I have a question about this article here: In the proof of (ii) of corollary 5.3 it says that $R/P^r\cong R_P/R_P P^r$ where $R_P$ is the localization of a Dedekind Domain R at the prime ideal P. Can someone explain this to me?
Thanks.
Edit: And I also don't really understand why the quotient of a DVR is a PID. I know that DVRs are PIDs and quotients of PIDs over prime ideals are PIDs again but $R_P P^r$ isn't a prime ideal, is it?

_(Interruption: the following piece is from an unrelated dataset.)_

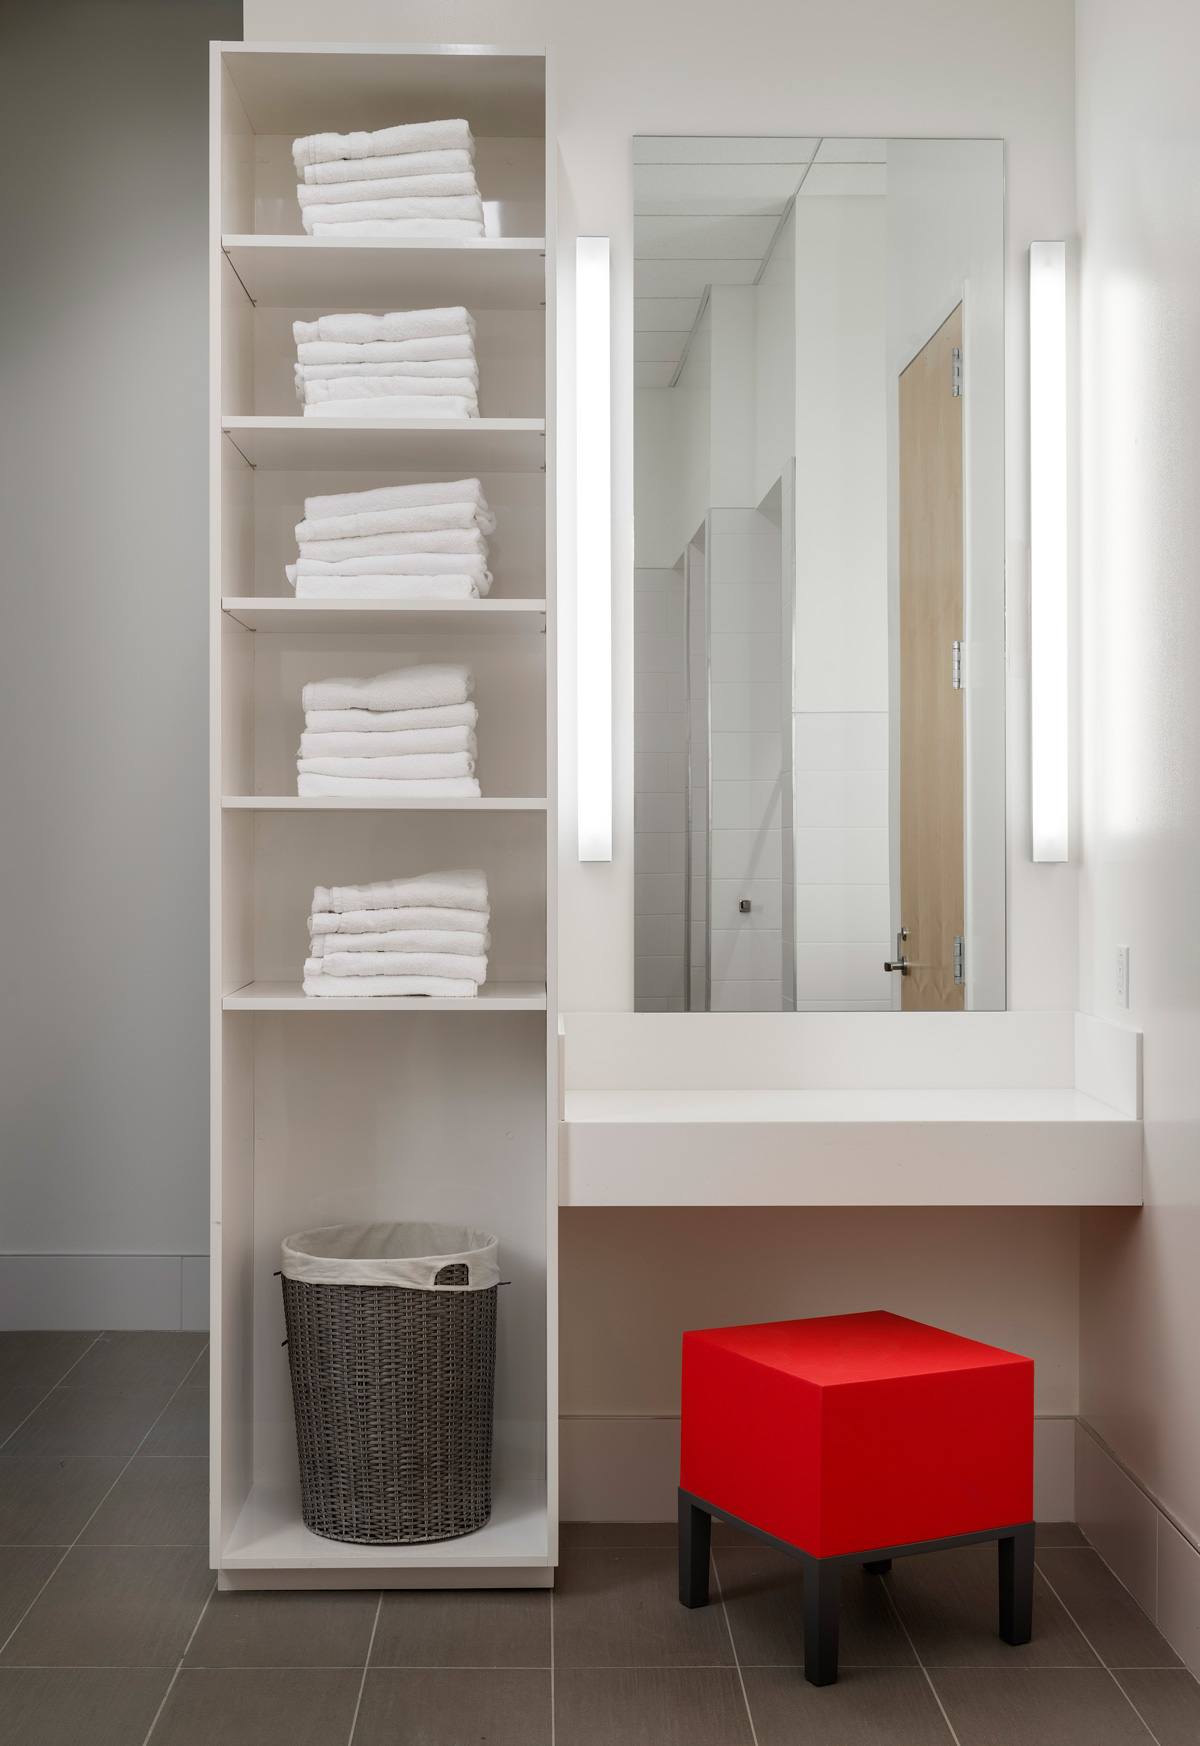 Hines PMO Seattle restroom vanity mirror

Let $\phi: R \rightarrow R_P /R_P P^r, \ x \mapsto x + R_P P^r$ and $\mu: R \rightarrow R_P, \ x \mapsto \frac{x}{1}$. Then we have
$$ ker(\phi) = \mu^{-1}(R_P P^r) = P^r. $$
By the first isomorphism theorem for rings you get $R/P^r \cong R_P /R_P P^r$ as rings.
Edit:
Let $I\subseteq R_P/R_P P^r$ be an ideal and $\psi: R_P \rightarrow R_P / R_P P^r, \ x \mapsto x + R_P P^r $. As $\psi$ is surjective we have
$$ \psi \circ \psi^{-1} (I) = I.$$
Furthermore, the ideal $\psi^{-1}(I)$ is principal (as $R_P$ is a PID) and thus $I= \psi \circ \psi^{-1}(I)$ is principal as well. What does not hold is, that $R/P^r$ is a PID for $r>1$ (it is not integral, as $(p^{r-1}+ P^r)\cdot (p + P^r)= 0 + P^r$ ) and thus neither is $R_P/R_P P^r$.